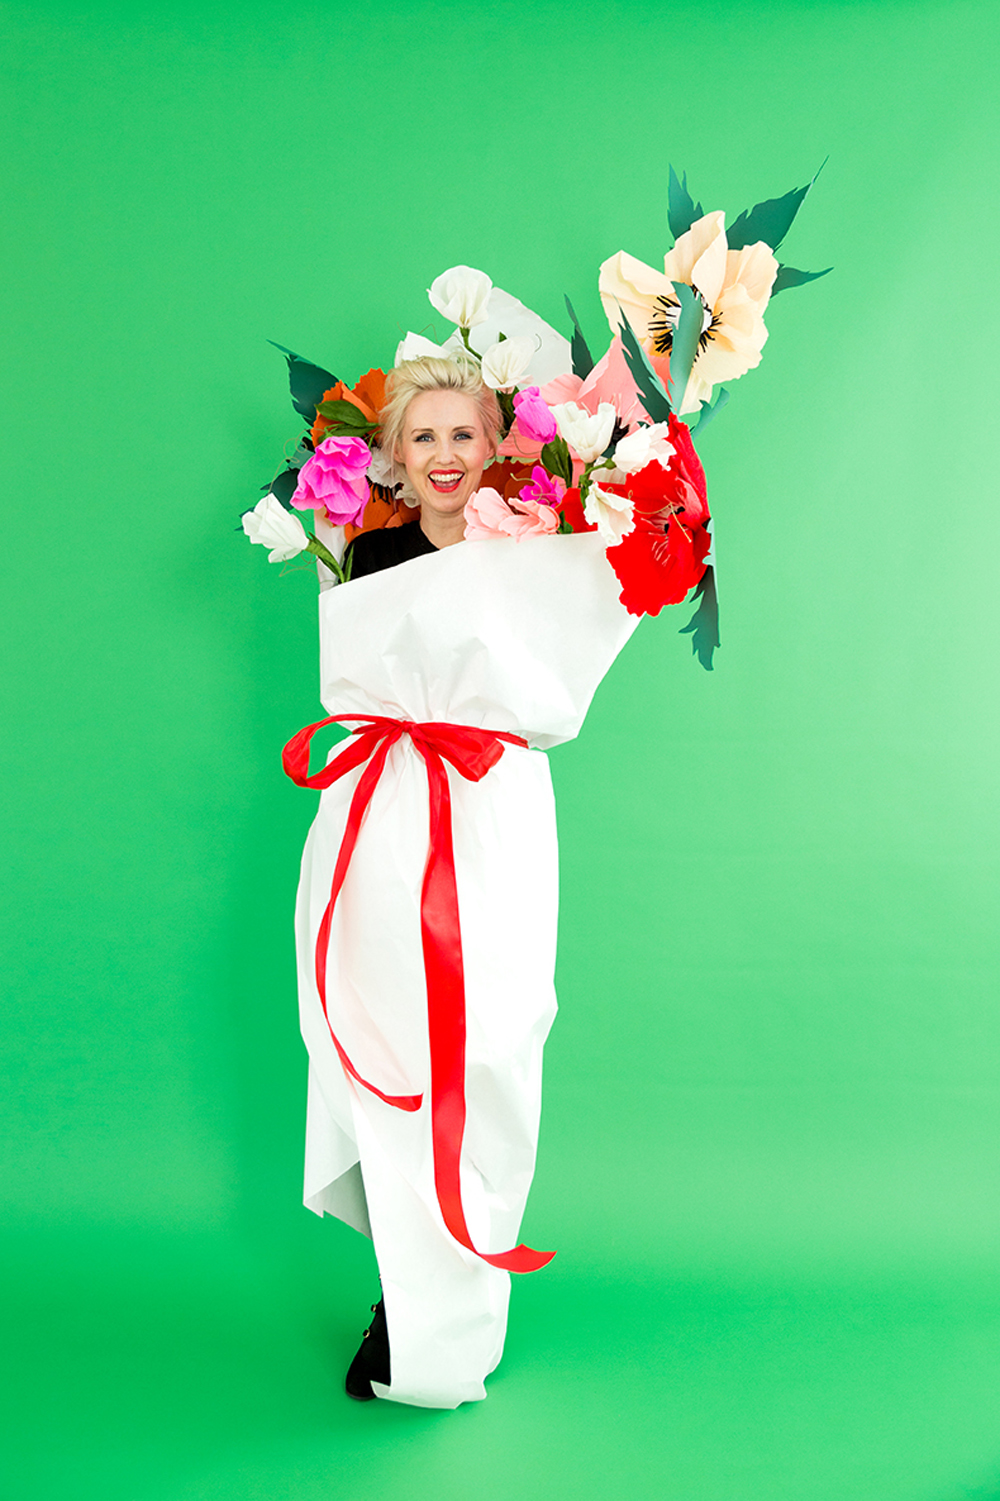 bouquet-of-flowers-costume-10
...
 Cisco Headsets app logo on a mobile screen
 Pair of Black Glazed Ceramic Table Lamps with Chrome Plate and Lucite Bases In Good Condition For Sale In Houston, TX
==
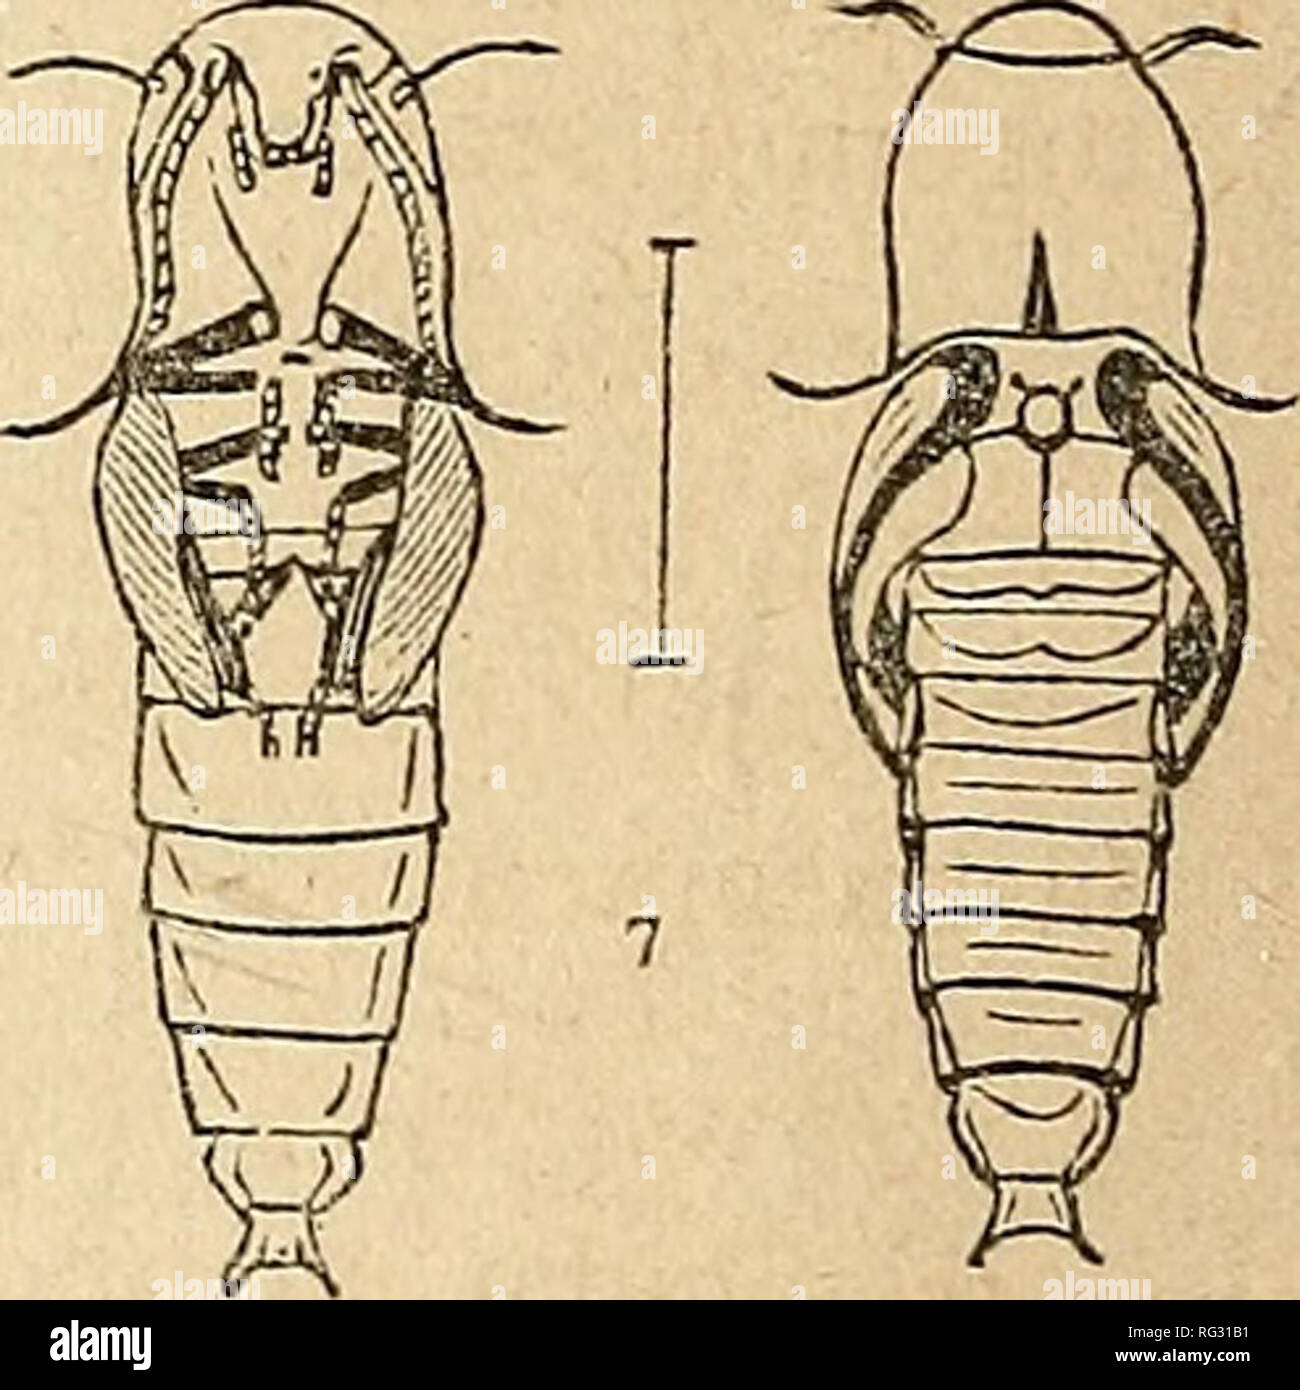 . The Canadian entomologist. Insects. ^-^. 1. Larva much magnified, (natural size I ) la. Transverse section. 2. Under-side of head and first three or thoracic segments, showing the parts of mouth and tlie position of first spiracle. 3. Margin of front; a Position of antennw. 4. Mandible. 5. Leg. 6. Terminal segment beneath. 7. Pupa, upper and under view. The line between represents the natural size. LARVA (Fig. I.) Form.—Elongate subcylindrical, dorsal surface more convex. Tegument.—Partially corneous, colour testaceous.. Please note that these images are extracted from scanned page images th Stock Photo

THE PROBLEM –
Of the entries listed above, reproduce only the lines starting at the line containing "Cisco Headsets app logo on a mobile screen" and ending at the line containing "Pair of Black". Include both, exactly as they stand.

FINAL ANSWER –
 Cisco Headsets app logo on a mobile screen
 Pair of Black Glazed Ceramic Table Lamps with Chrome Plate and Lucite Bases In Good Condition For Sale In Houston, TX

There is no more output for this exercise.